Throughout the marketing industry, SEOs and marketers alike have attached the term "expert" next to their name. SEO is an ever-changing industry. Every year there are new strategies, tactics, and trends that SEOs must become familiar with. Overall, this makes it challenging for one to become an "expert" in the field.
A Brief History
To provide a timeline for this argument, let's start with Yahoo back in 1994. As a directory listing website, this was the first real search engine that allowed users to find companies online.
Although argued, the first real signs of strategic SEO did not start until 1997. In early September 1998, Google was founded in Menlo Park by Larry Page and Sergey Brin.

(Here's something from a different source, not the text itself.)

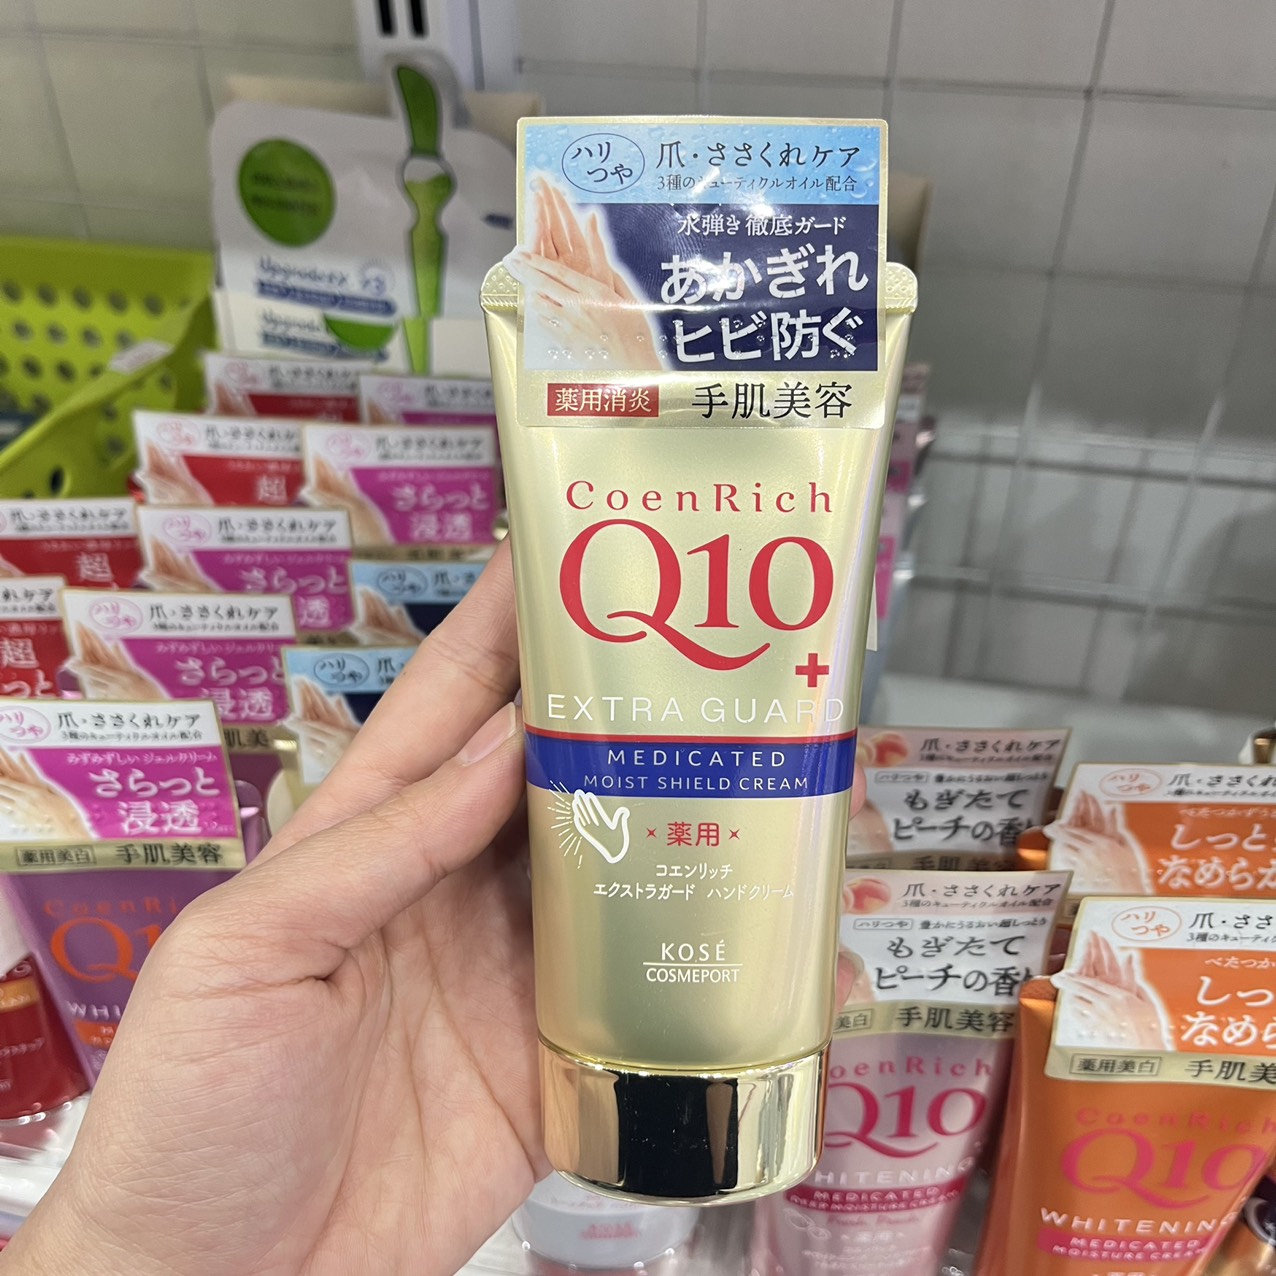 Kem Dưỡng Da Tay Q10 Mềm Mịn Kose Hand Cream Nhật Bản Tuýp 80g

Since 1998, Google has dominated the search industry and has consistently updated its algorithm to understand user search behavior better and, ultimately, provide the best user experience for searchers to find exactly what they are looking for.
Look at some (not all) significant changes Google has made over the past 20 years:
- 2003: Florida - The first big update where keyword stuffing became an inadequate tactic
- 2011: Panda - Where there was no room for "thin" content
- 2012: Penguin - Where inorganic links received less value (the ones bought or placed to improve search rankings)
- 2013: Hummingbird - Potential changes to "semantic search"
- 2014: Pigeon - The first major local algorithm update, connecting local and core algorithms
- 2015: RankBrain - The reveal of machine learning in search
- 2018: Mobile-First Indexing - Speaks for itself :)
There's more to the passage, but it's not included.